— Короче говоря, — сообщил Варди, — мне предложено читать лекции по современной истории в университете Венограда, так что я возвращаюсь домой. Я пришел прощаться. Жюльен был настолько поражен, что у него изо рта вывалилась сигарета.
— Мне предоставлены надежные гарантии, — спокойно продолжал Варди. — С прошлым покончено. У меня есть письмо за подписью нашего нового посла, гарантирующее мне безопасность. Его я могу оставить у здешнего адвоката. Они больше не интересуются возмездием за старые грехи. Им нужны квалифицированные люди, способные помочь восстановлению страны.
— Ты что, совсем спятил? — воскликнул Жюльен, в отчаянии глядя на Варди — невозмутимо застывшего перед ним коротышку.
— Ты не предложишь мне сесть? — с улыбкой осведомился Варди.
Вместо ответа Жюльен зашагал по комнате, приволакивая больную ногу.
— Я жду от тебя объяснений, — заявил он, пока Варди устраивался в кресле.
— Как насчет того, чтобы промочить горло? — осведомился Варди с той же сдержанной улыбкой.
Жюльен пододвинул ему бутылку и рюмку. В бутылке был сладкий вермут — единственный уважаемый Варди напиток.
— Я жду, — повторил Жюльен, прислонившись к книжному шкафу и взирая на Варди сверху вниз.
— К чему столько драматизма? — сказал Варди. — Это долгая история. Расслабься.
— Ты решил меня разыграть? — спросил Жюльен.
— Нет.
— Неужели ты хочешь сказать, что веришь их гарантиям и уверениям?
— Более-менее.
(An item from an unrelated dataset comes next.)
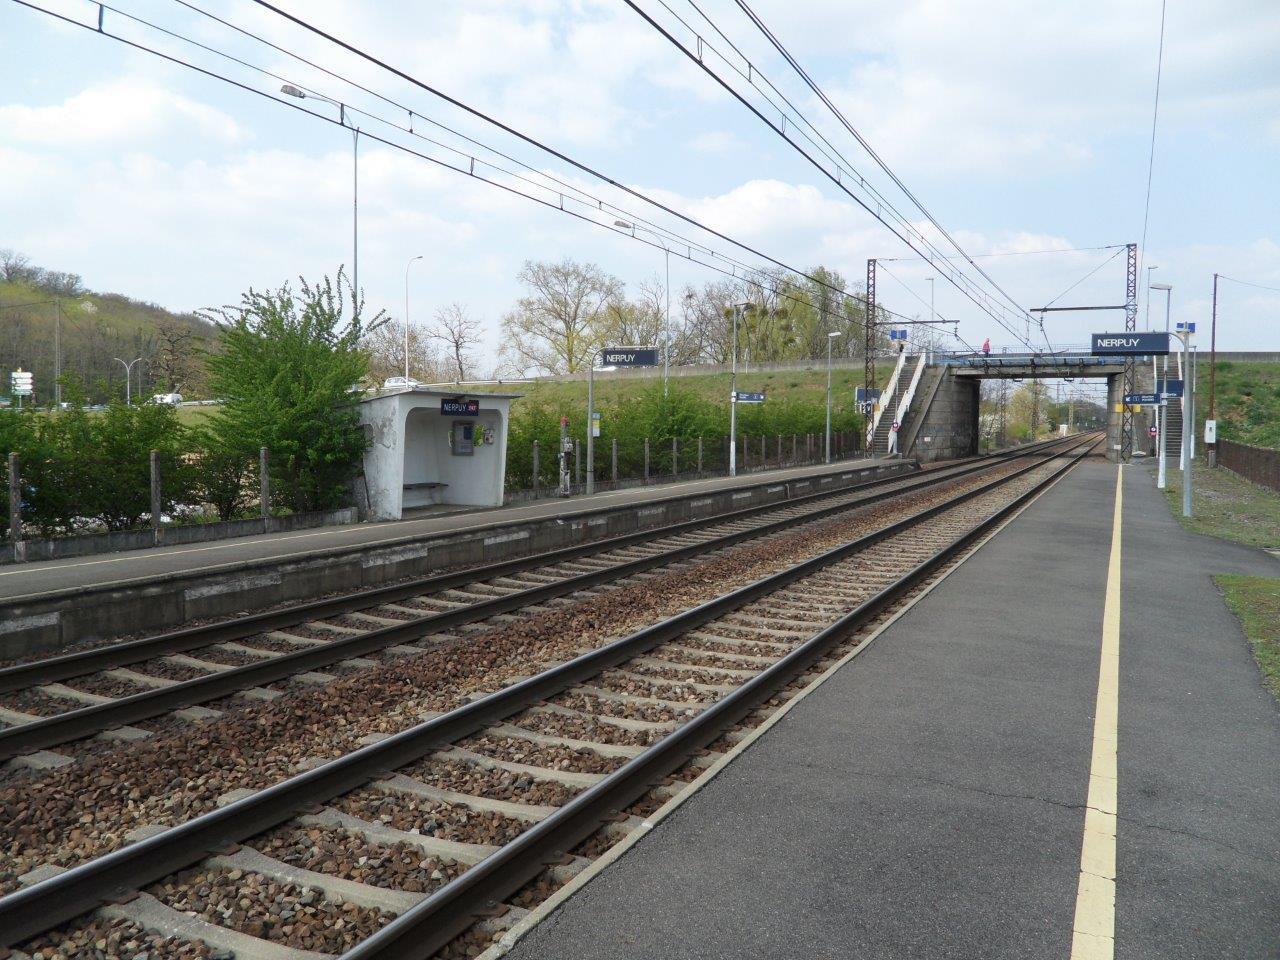 gare-de-nerpuy-train-station

После смерти старика кое-что переменилось.
— Ты совсем спятил? — снова спросил Жюльен.
Варди пригубил вермут и отставил рюмку.
— Слушай, — сказал он, — я могу предложить тебе короткую и длинную версию. Короткая: на протяжении восьми лет, пока у власти у меня дома находились белые, я был красным эмигрантом, а потом, Когда к власти пришли красные, я еще десять лет оставался белым эмигрантом. Вместе это восемнадцать лет бесплодной ненависти и бесплодных надежд. Уезжая, я был подающим надежды тридцатилетним молодым человеком, теперь же мне под пятьдесят. Вот я и решил, что пора разобраться с этой диалектикой.
— Я слушаю, — произнес Жюльен.
— Я думал, ты станешь напоминать мне о заполярных лагерях, госбезопасности и тому подобном. Побереги силы. Все это включено в уравнение.
— Давай свое уравнение.
— Оно простое. Будущее против прошлого. Двадцать первый век против девятнадцатого.
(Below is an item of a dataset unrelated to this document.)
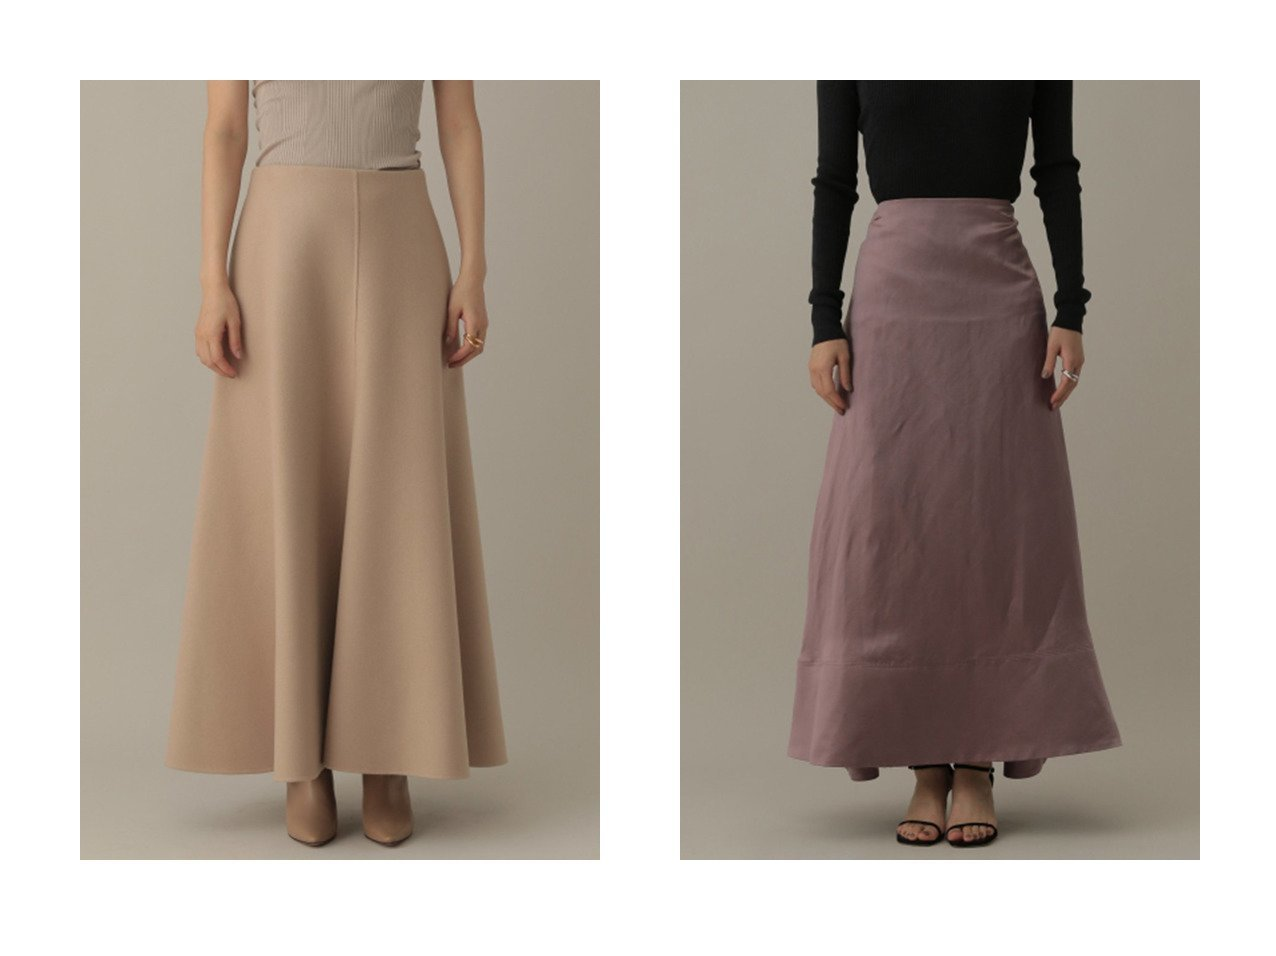 【Chaos/カオス】のスーペリアロッタスカート&マンサリーロスロングスカート 【スカート】おすすめ!人気、トレンド・レディースファッションの通販 おすすめで人気の流行・トレンド、ファッションの通販商品 インテリア・家具・メンズファッション・キッズファッション・レディースファッション・服の通販 founy(ファニー) https://founy.com/ ファッション Fashion レディースファッション WOMEN スカート Skirt ロングスカート Long Skirt 2021年 2021 2021-2022秋冬・A/W AW・Autumn/Winter・FW・Fall-Winter・2021-2022 A/W・秋冬 AW・Autumn/Winter・FW・Fall-Winter エレガント サテン シルク シンプル リネン ロング おすすめ Recommend メルトン 人気 |ID:crp329100000054044

— Ты написал три книги, доказывая, что будущее принадлежит не им, и что они — не на стороне будущего.
Я прочитал на эту тему дюжину лекций. Самообман — мощный двигатель. Человек может проездить на нем всю жизнь. Но стоит двигателю заглохнуть, как человек умирает.
Жюльен ничего не ответил. Варди заговорил снова:
— Ты можешь, конечно, спросить, откуда я знаю, что не стану жертвой нового самообмана. Но я тщательно с этим разобрался. Самообман всегда сопровождается самообольщением. Самообольщение — это надежда. Раз я перестал обманывать самого себя, то мною правит уже не надежда, а смирение. Значит, здесь нет места самообману.
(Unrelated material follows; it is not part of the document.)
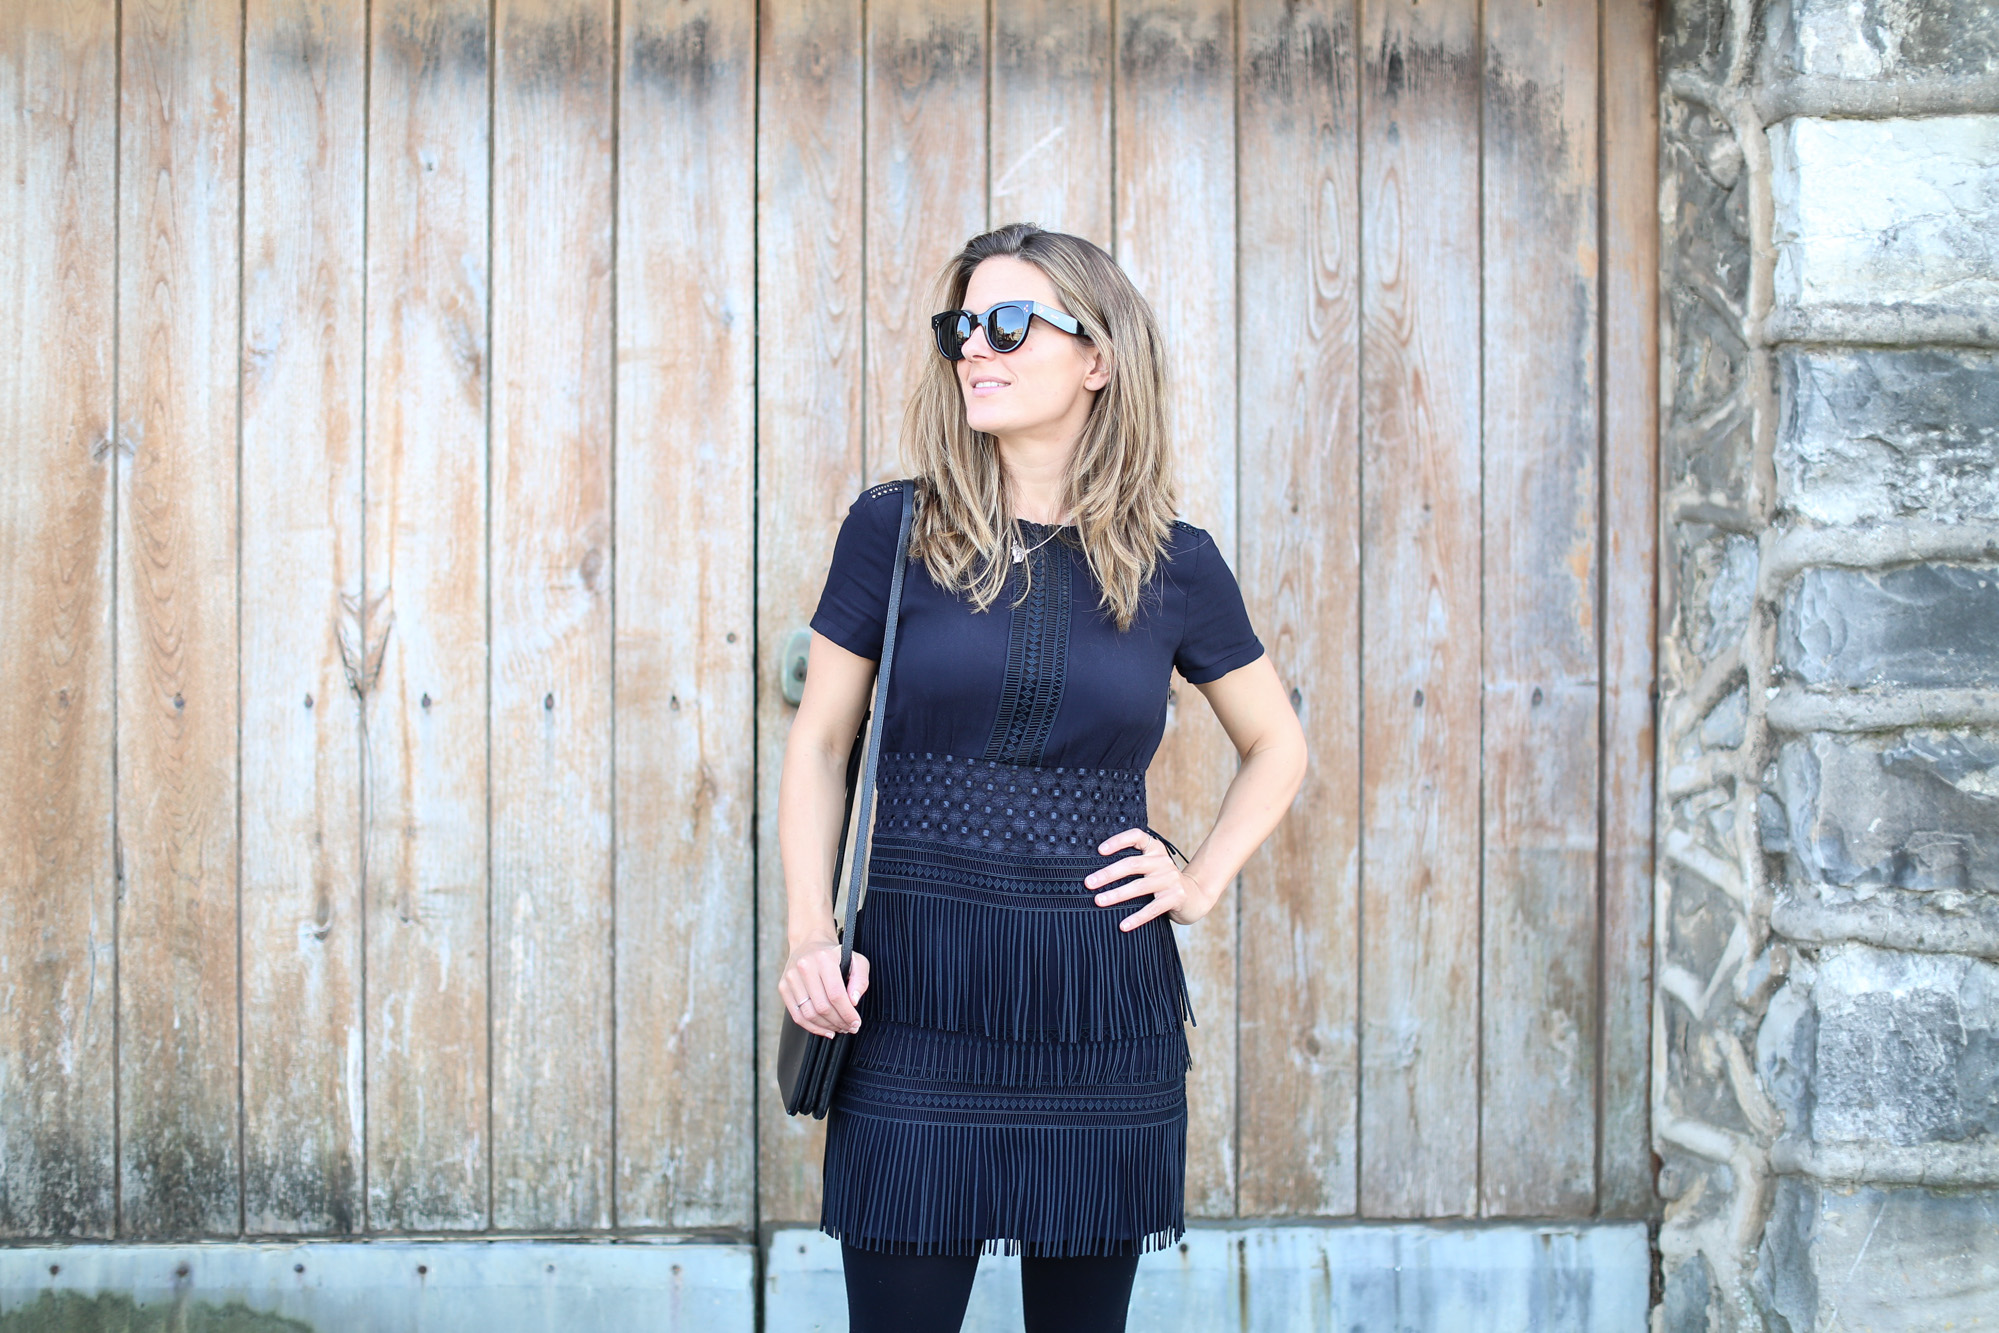 Clochet_streetstyle_fashionblogger_zapatosplanosbroguestachuelasPertini_vestidoMajeflecosReia-4

Жюльен сделал два шага по направлению к Варди и тряхнул его за плечо.
— Очнись, слышишь? Стряхни это с себя. Если бы мы жили несколько столетий назад, я бы сказал, что в тебя вселился злой дух.
Варди беззлобно снял руку Жюльена со своего плеча.
— Наоборот, — сказал он, — я наконец-то избавился от злого духа, который управлял мною все эти годы. Да и вообще, что тебя так удивляет? Вспомни-ка наш последний спор, когда ты бравировал своим пессимизмом перед этой американкой. Тебе ли удивляться?
— Ради Бога! — взмолился Жюльен. — У тебя в голове сплошная путаница.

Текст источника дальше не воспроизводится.